The answer must be an exact reprint of the lines from the one with "Burrow's $350 sleep" through the final line of the data, with no pictures included.

» **Material provided**:
== Segment start ==

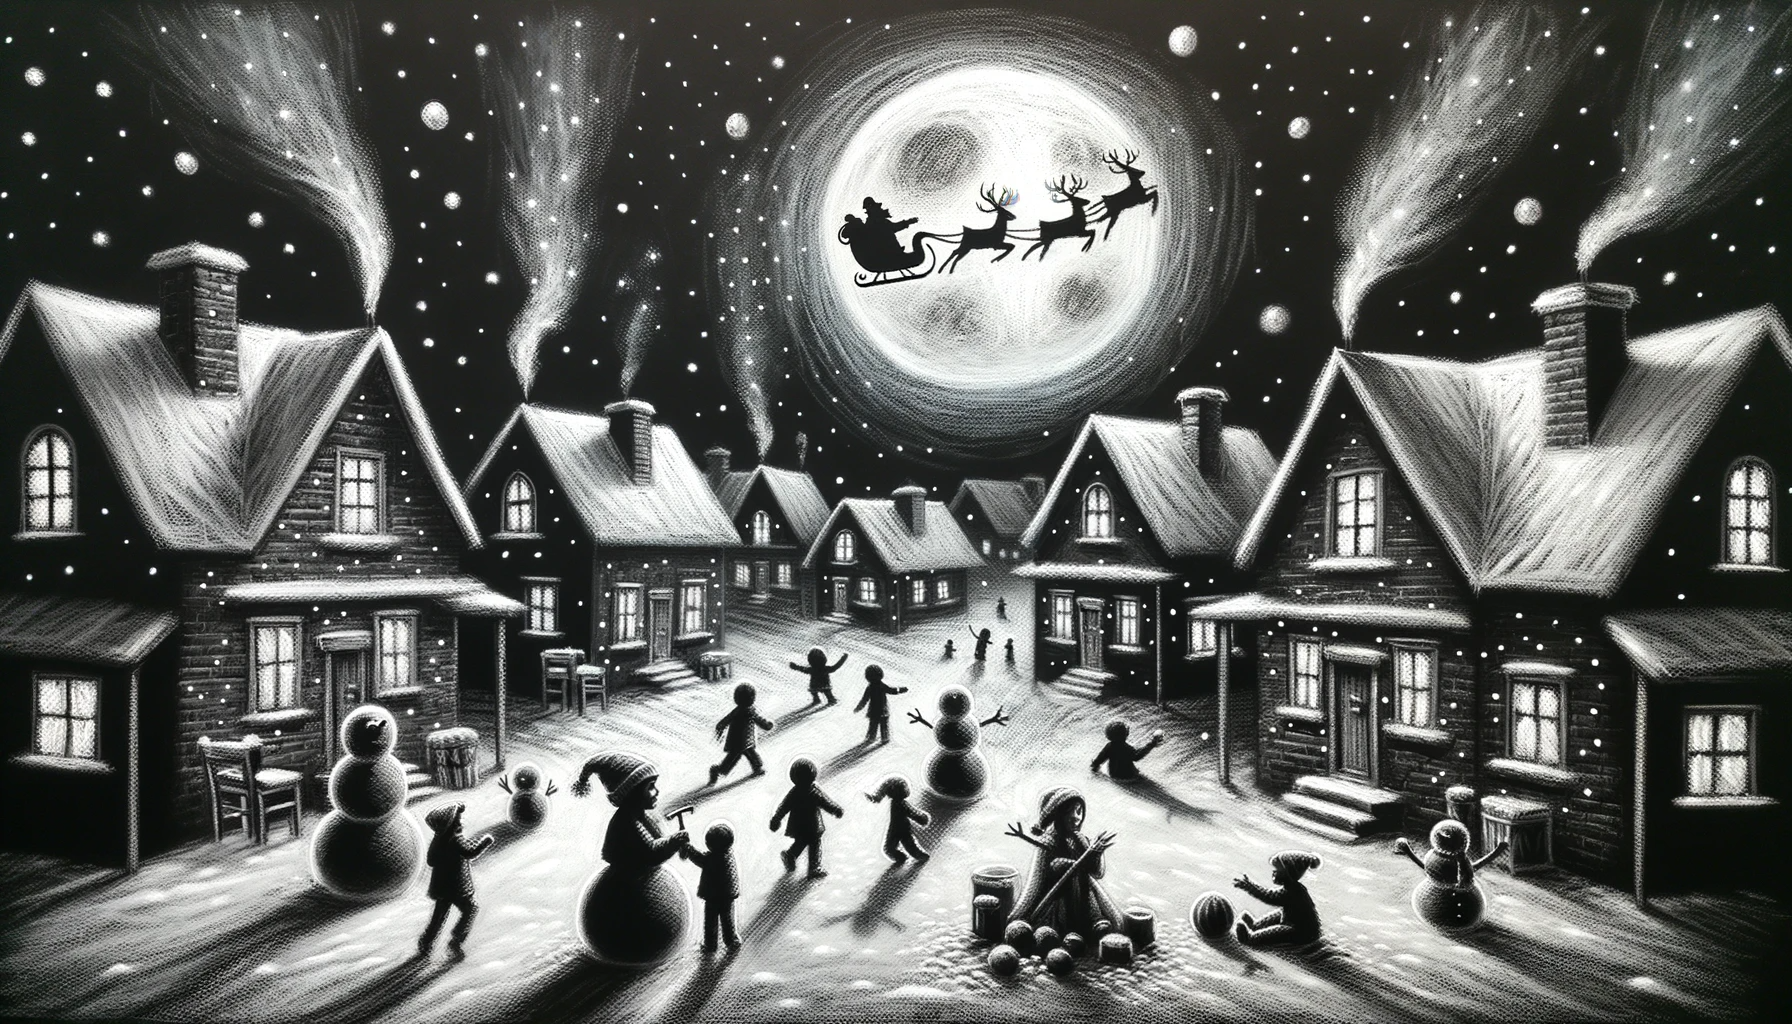 Moonlit Christmas Village
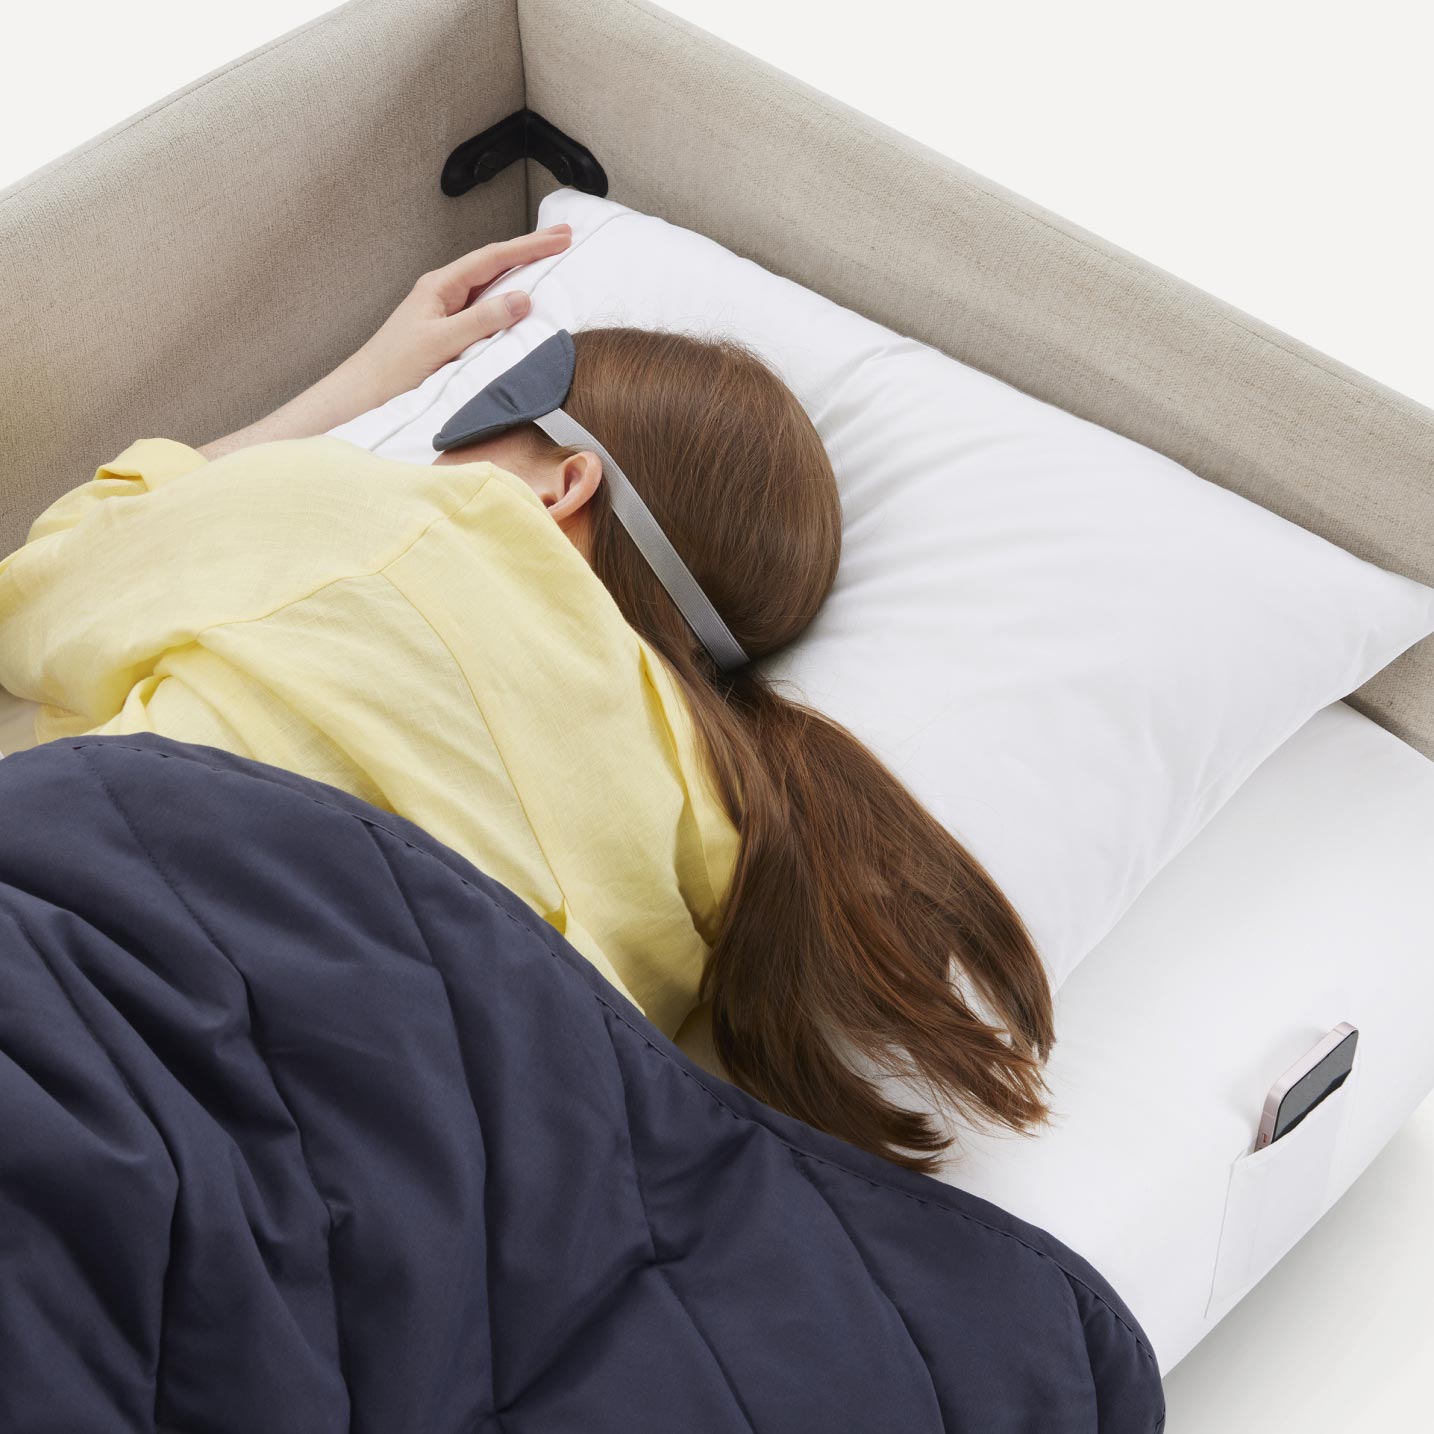 Burrow's $350 sleep kit turns any sofa into a bed
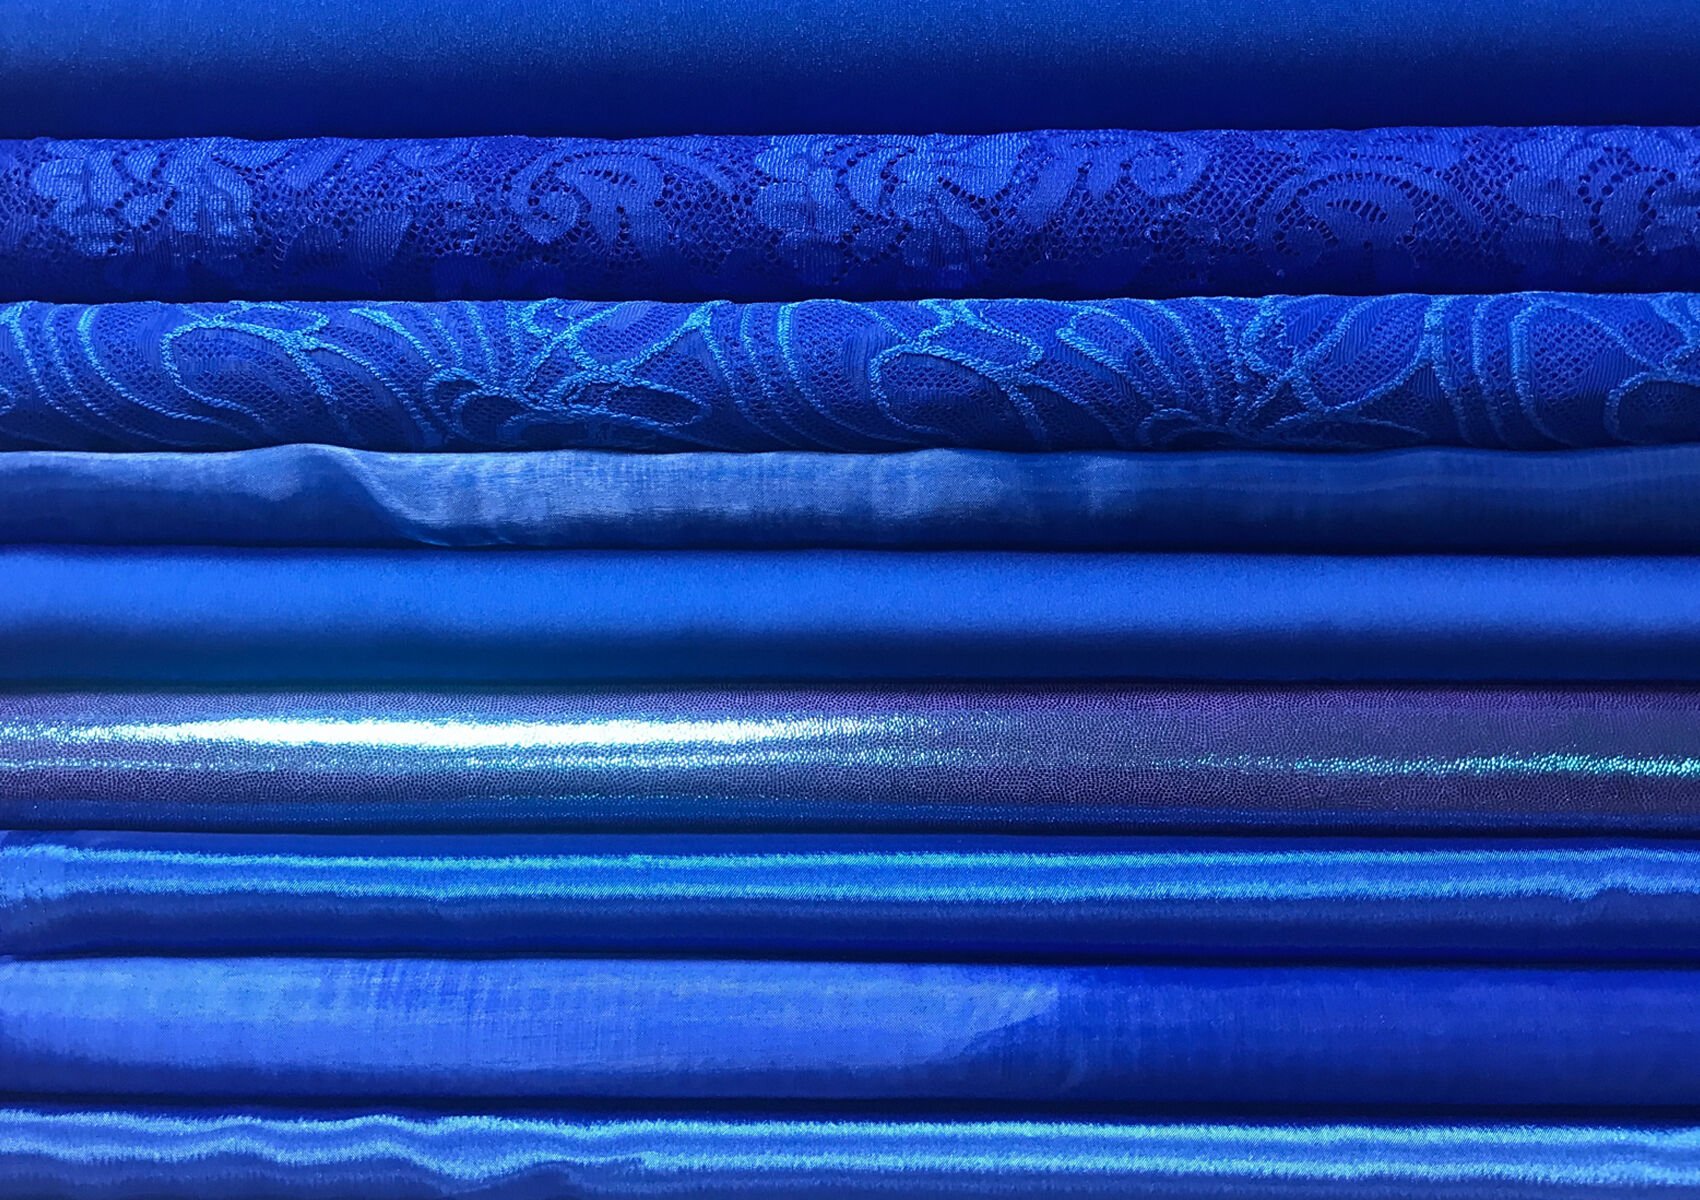 Browse cobalt colour fabric
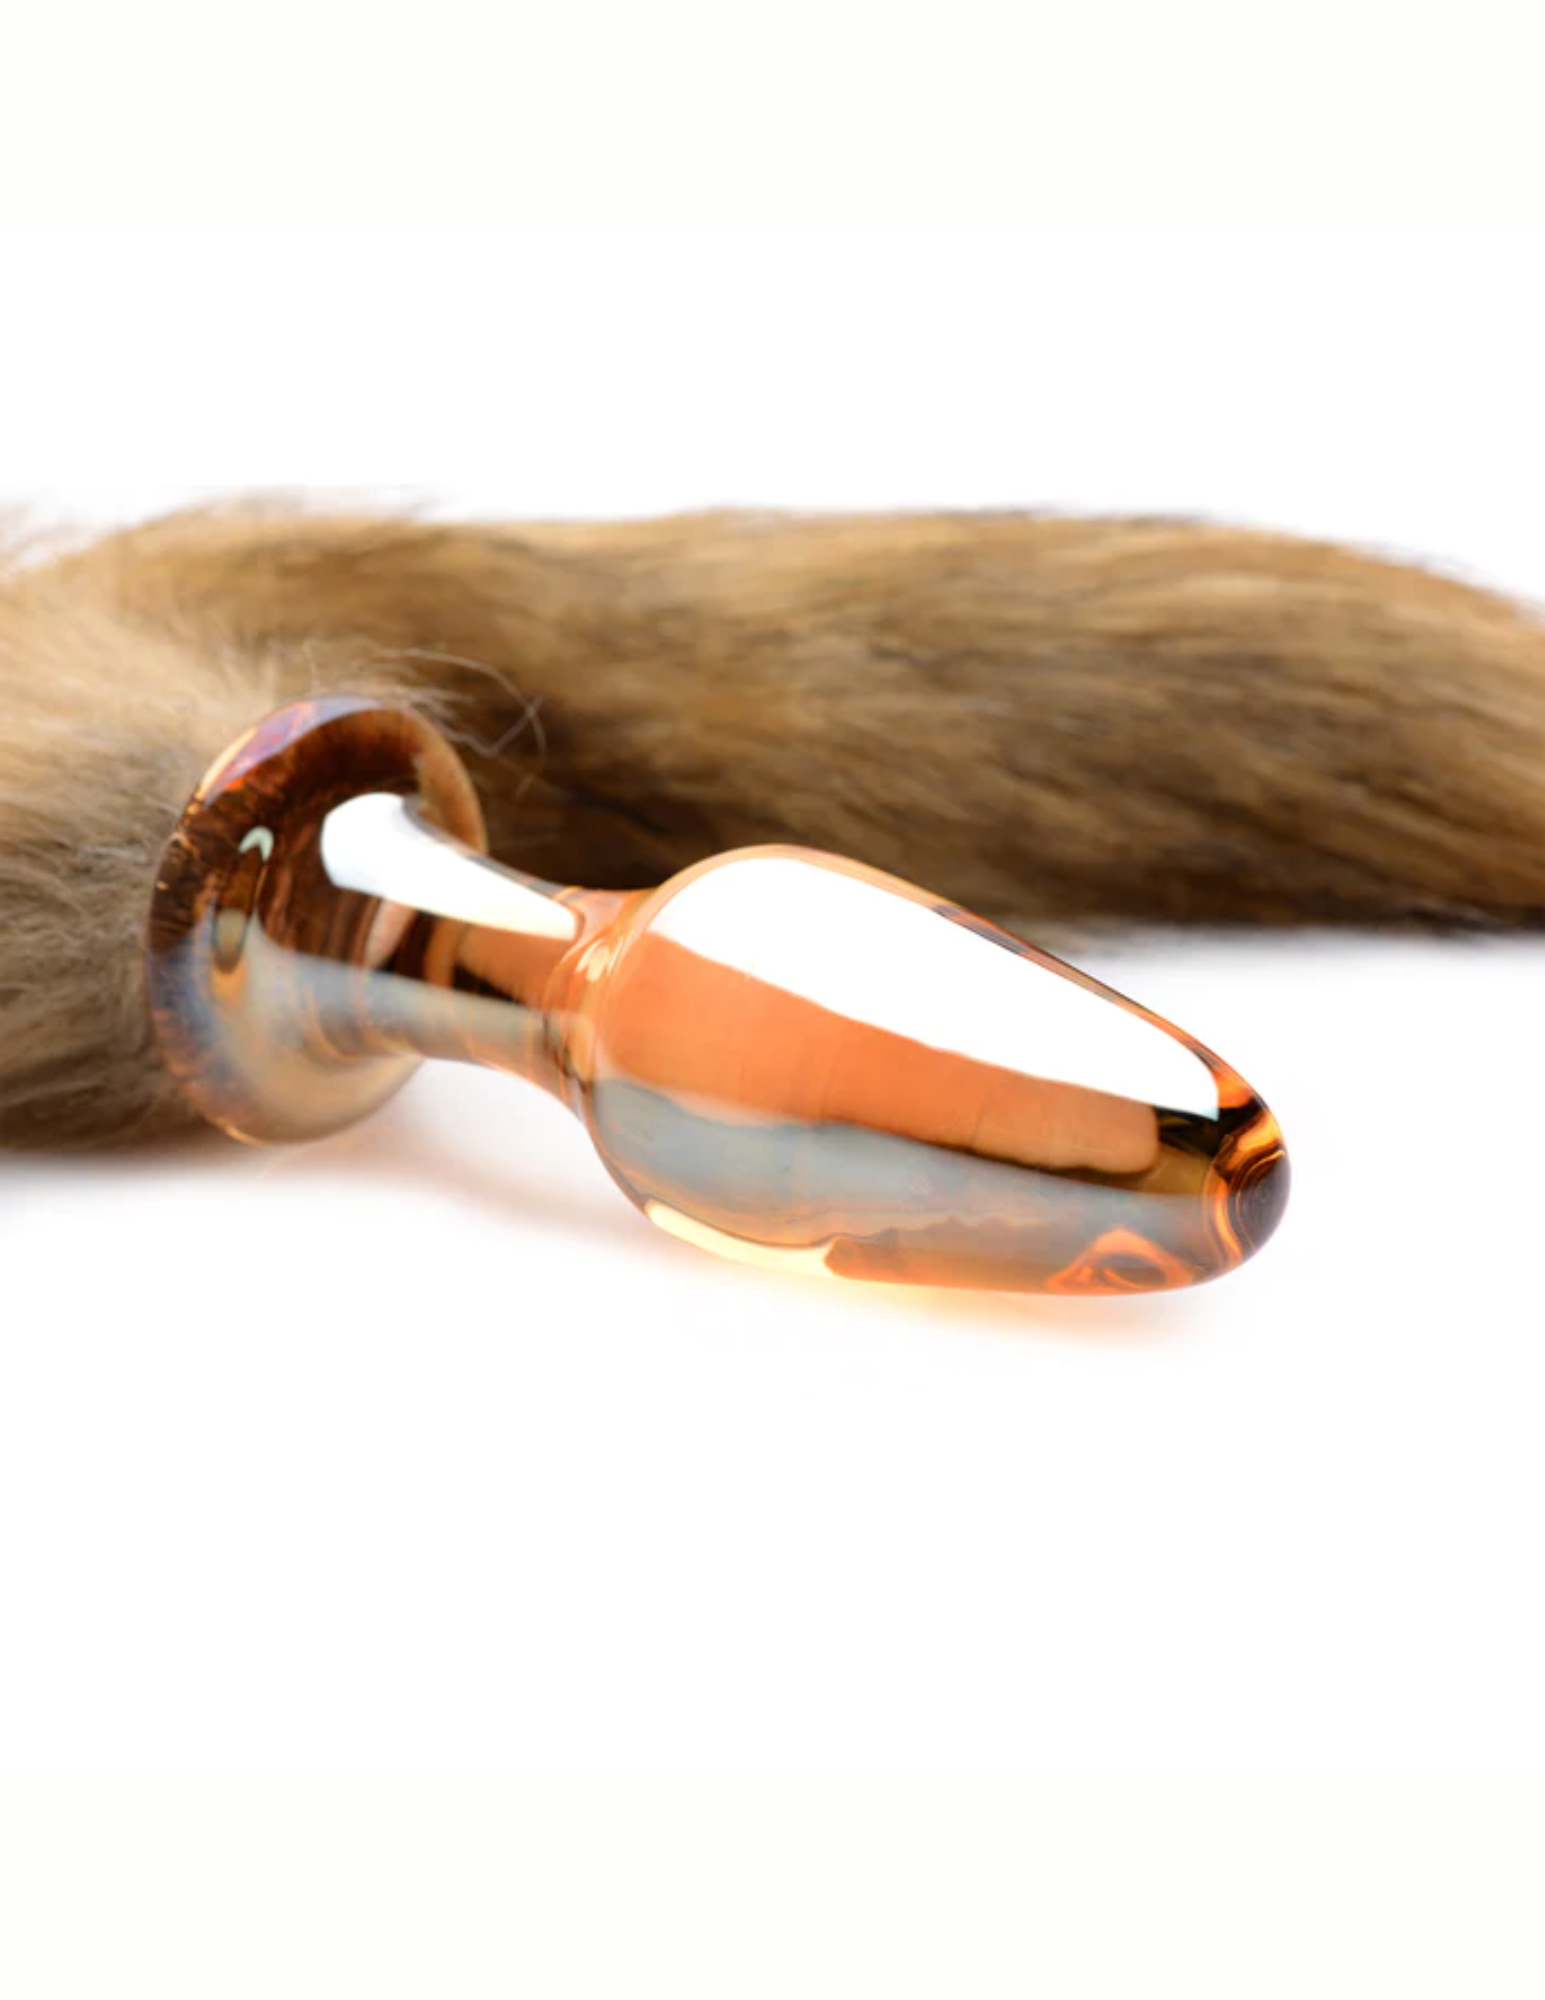 Photo of the fox tail glass anal plug.

== Segment end ==

» **Response box**:
 Burrow's $350 sleep kit turns any sofa into a bed
 Browse cobalt colour fabric
 Photo of the fox tail glass anal plug.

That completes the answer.